Loyola is hosting the Society for Economic Research on Copyright Issues Annual Meeting Today

The SERCI Annual Congress 2016 is being held at Loyola University Chicago School of Law, Chicago, 7-8th July and is co-hosted by University of Illinois College of Law.

The Society for Economic Research on Copyright Issues or SERCI was established in 2001 to provide a solid academic platform for the application of economic theory to copyright policy.

The complete program is posted online at http://www.serci.org/congress.htm.

My slides for my presentation on empirical studies of copyright litigation are available here.

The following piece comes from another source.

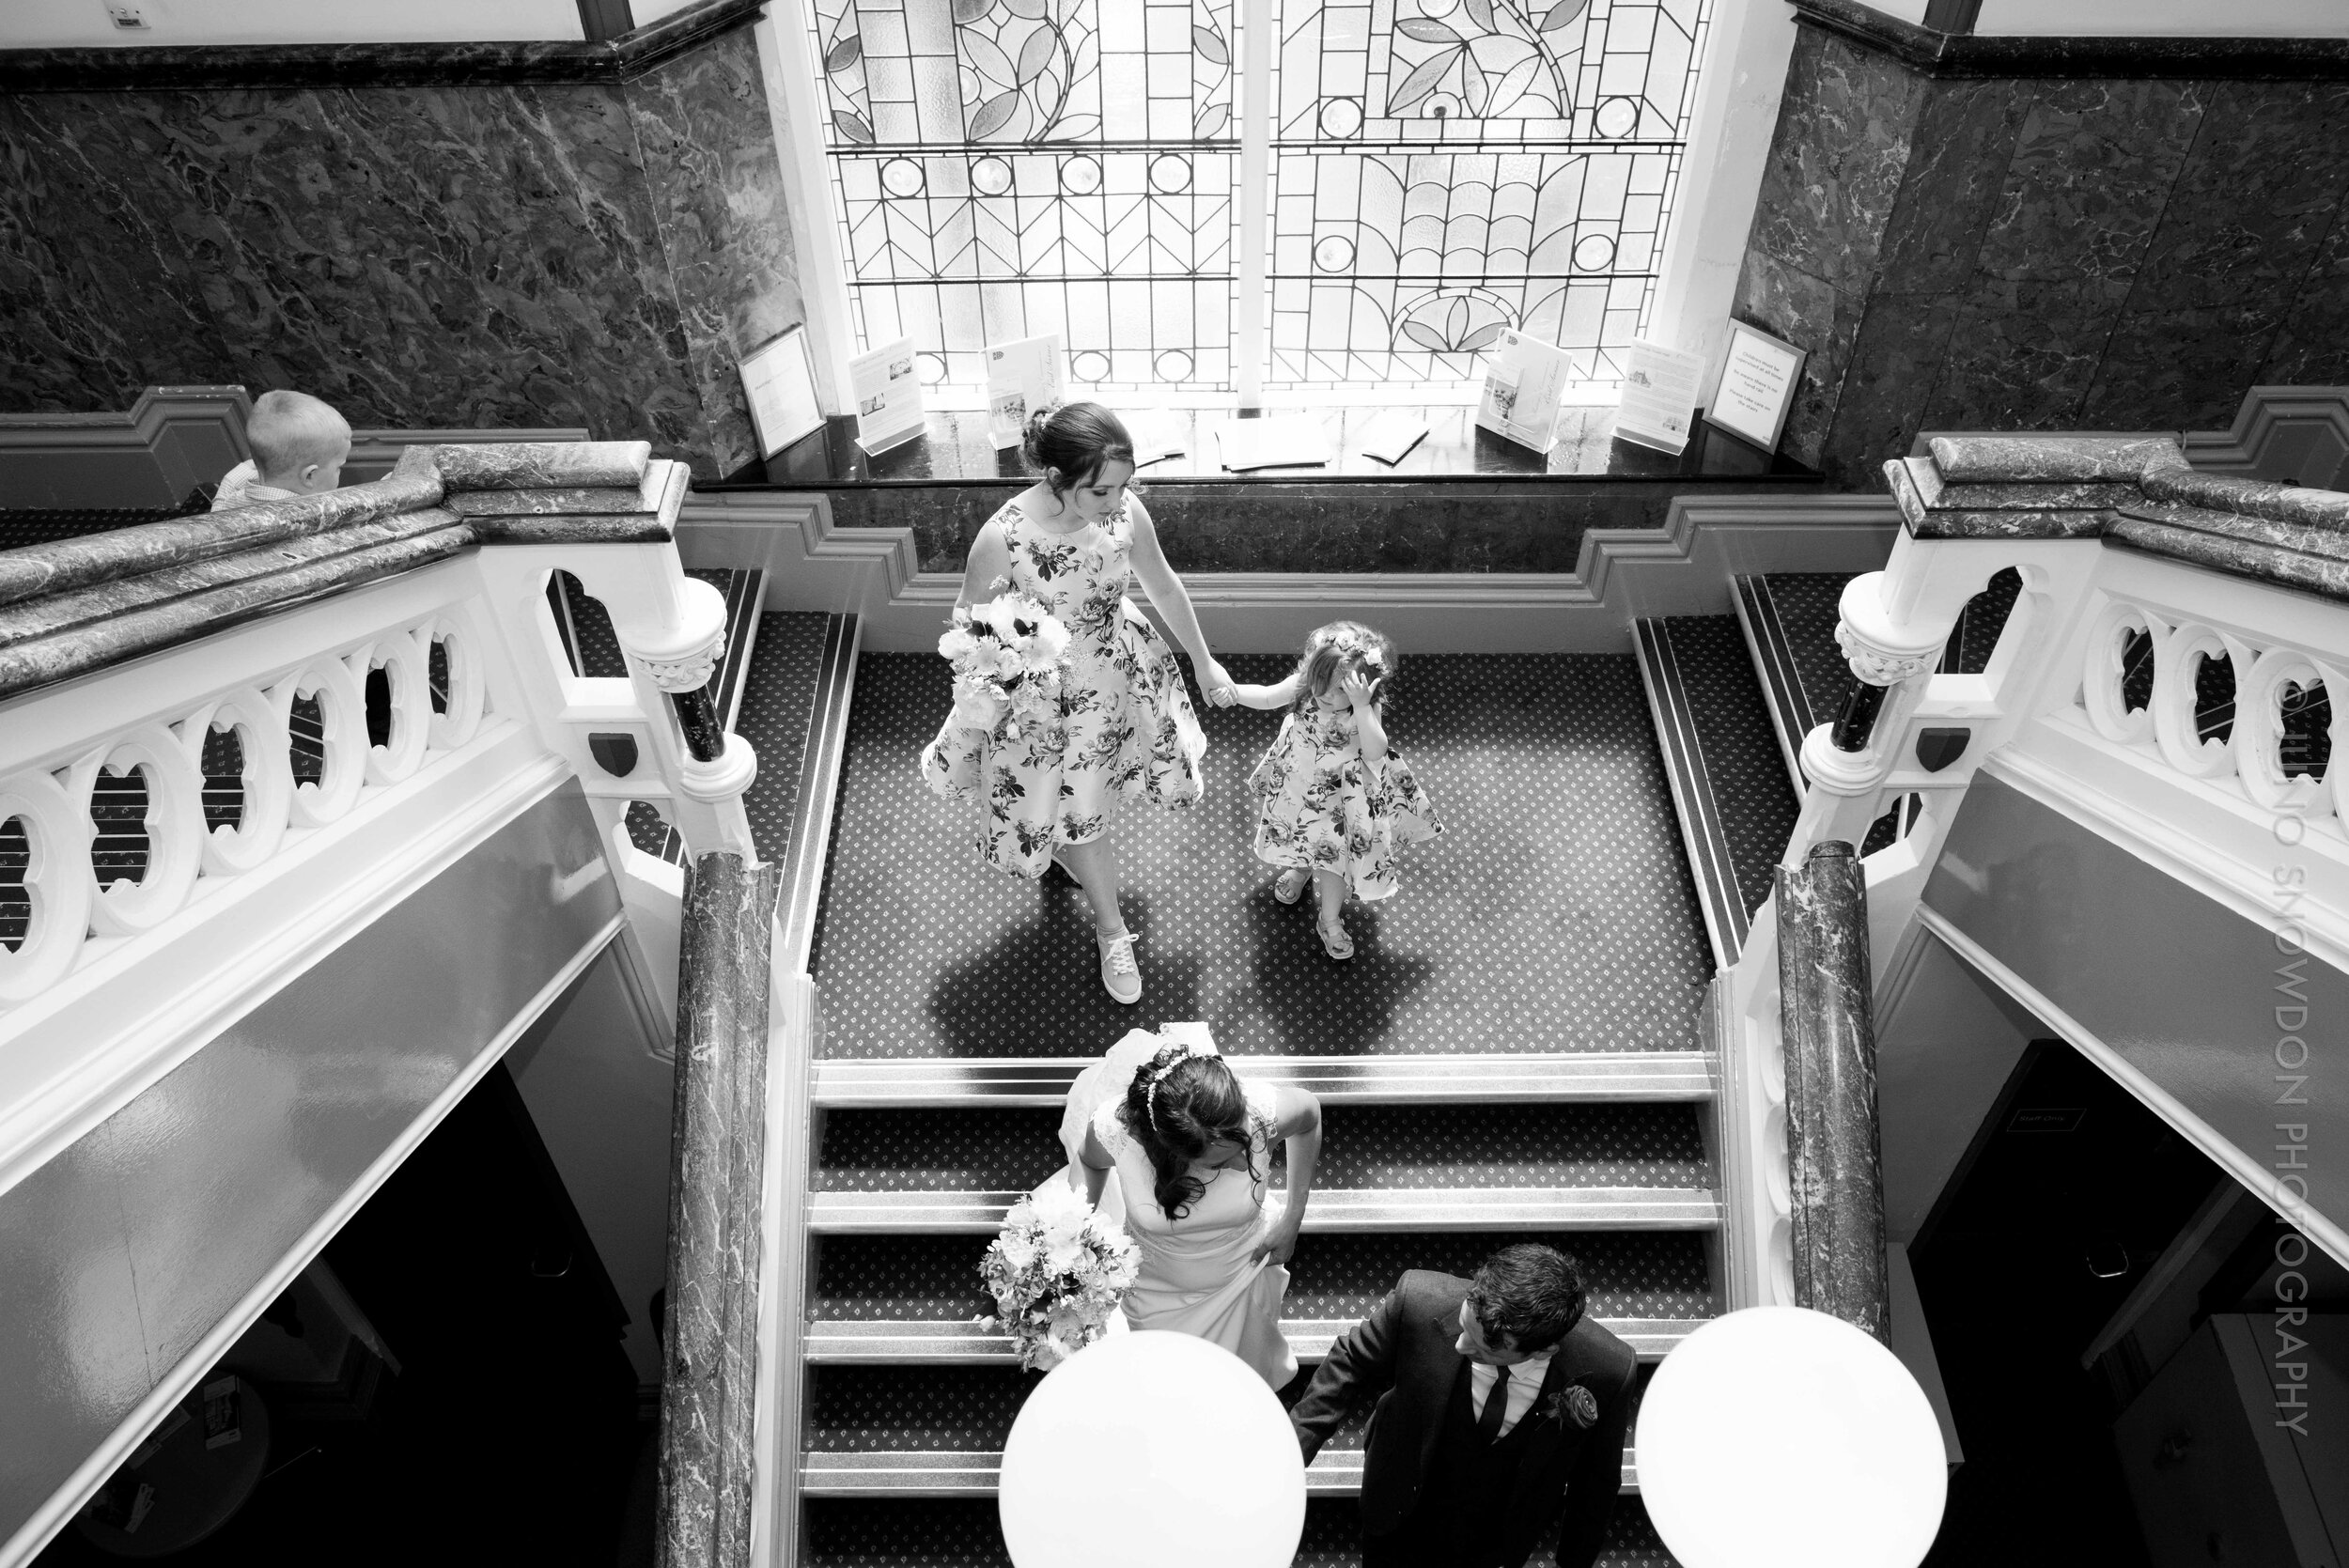 juno-snowdon-photography-wedding-7372.jpg

Getty’s high-resolution competition law complaint against Google in the EU

Getty Images has filed a competition law complaint against Google

I have some initial thoughts as follows:

Image Search vs. High-Resolution Image Search

Google’s rationale for image search in general is that displaying the image is necessary for the user to assess how well the image corresponds to their search. This practice has been litigated at least twice in the U.S. in relation to thumbnail images and has easily passed the test of fair use.

Getty’s complaint is directed more specifically to the creation of high-resolution galleries. Although Google could make a similar argument that you need to see the image in high resolution to properly evaluate it, my view is that this argument is not nearly so compelling. The high resolution display is more expressive and less informational and the potential adverse effect on the copyright owner is greater for that reason and because, as Getty points out once consumers see an image on the Web, they aren’t likely to go to the source and look at it again. Getty argues that Google Images’ creation of high-res galleries of copyrighted content is thus impacting Getty’s own image licensing business; promoting piracy and copyright infringement; and bolstering Google’s monopoly over site traffic, engagement data and ad spend.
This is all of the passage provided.